Paramagnetic NMR analysis of the seven-iron ferredoxin from the hyperthermoacidophilic archaeon Desulfurolobus ambivalens reveals structural similarity to other dicluster ferredoxins.

The seven-iron ferredoxin from the hyperthermophilic archaeon Desulfurolobus ambivalens has been investigated by one-dimensional and two-dimensional 1H-NMR in its oxidized and dithionite-reduced states. All iron atoms of both the three-iron and the four-iron cluster are bound to cysteine residues whose hyperfine-shifted resonances were characterized. The pattern of these resonances is similar to those from three-iron, four-iron and eight-iron ferredoxins previously described in the literature, but the four-iron cluster has a shift pattern different from that in other seven-iron proteins.
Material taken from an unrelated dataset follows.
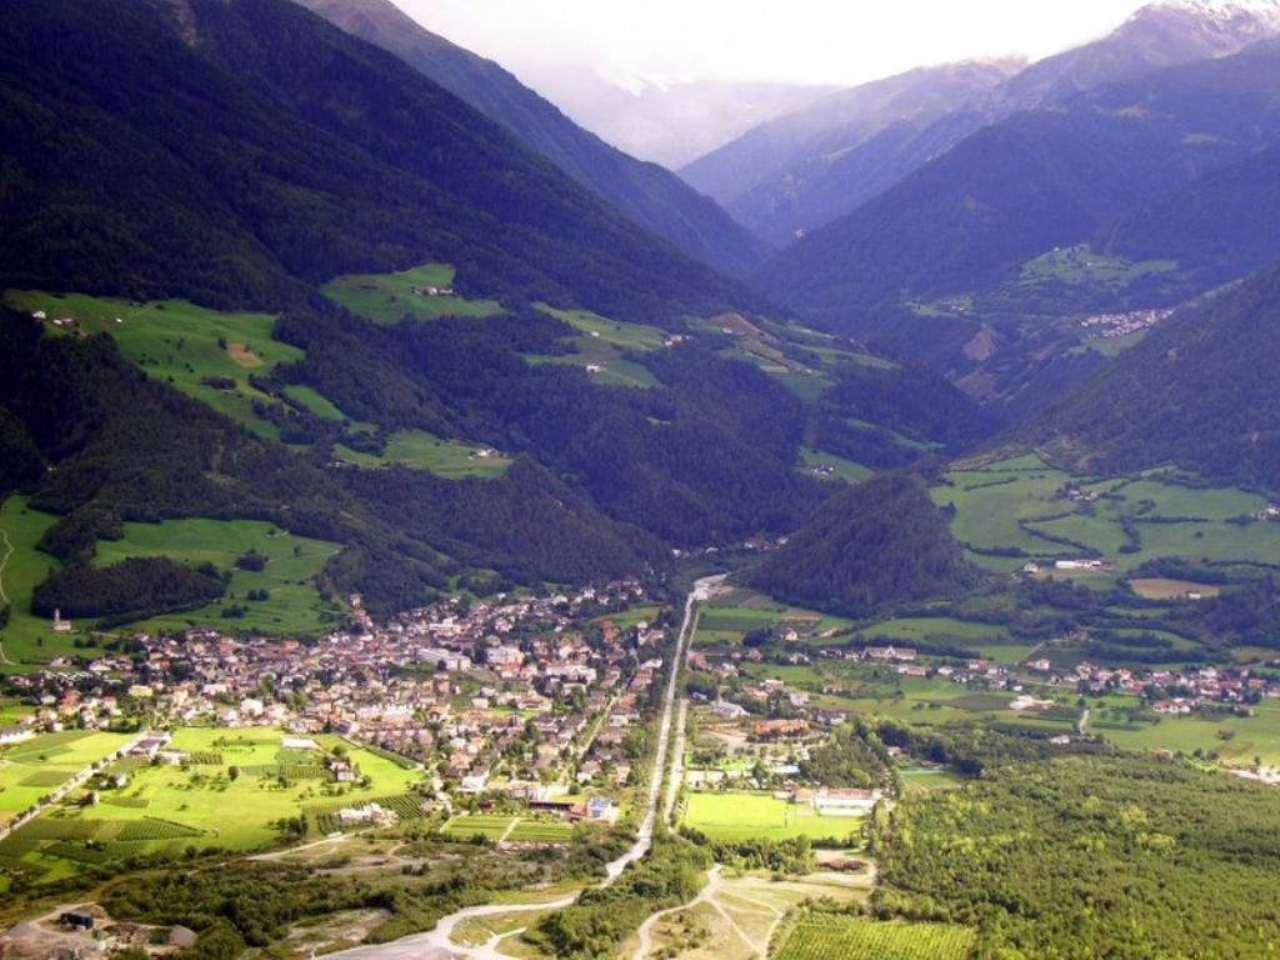 Soluzione Indipendente in vendita a Prato allo Stelvio, 5 locali, prezzo € 130.000 | Cambio Casa.it

A second set of hyperfine-shifted resonances clearly indicates sample heterogeneity, which possibly involves the four-iron cluster. The observation of interresidue NOEs between two different cysteine residues proves the existence of close spatial proximity of the two clusters in D. ambivalens ferredoxin and therefore indicates structural homology to other dicluster ferredoxins. Moreover, this feature is crucial for the sequence-specific assignment of the hyperfine-shifted resonances. The C alpha-C beta-S-Fe dihedral angles of the cysteine residues coordinating the four-iron cluster could be estimated, and the electronic structure of the three-iron cluster is discussed.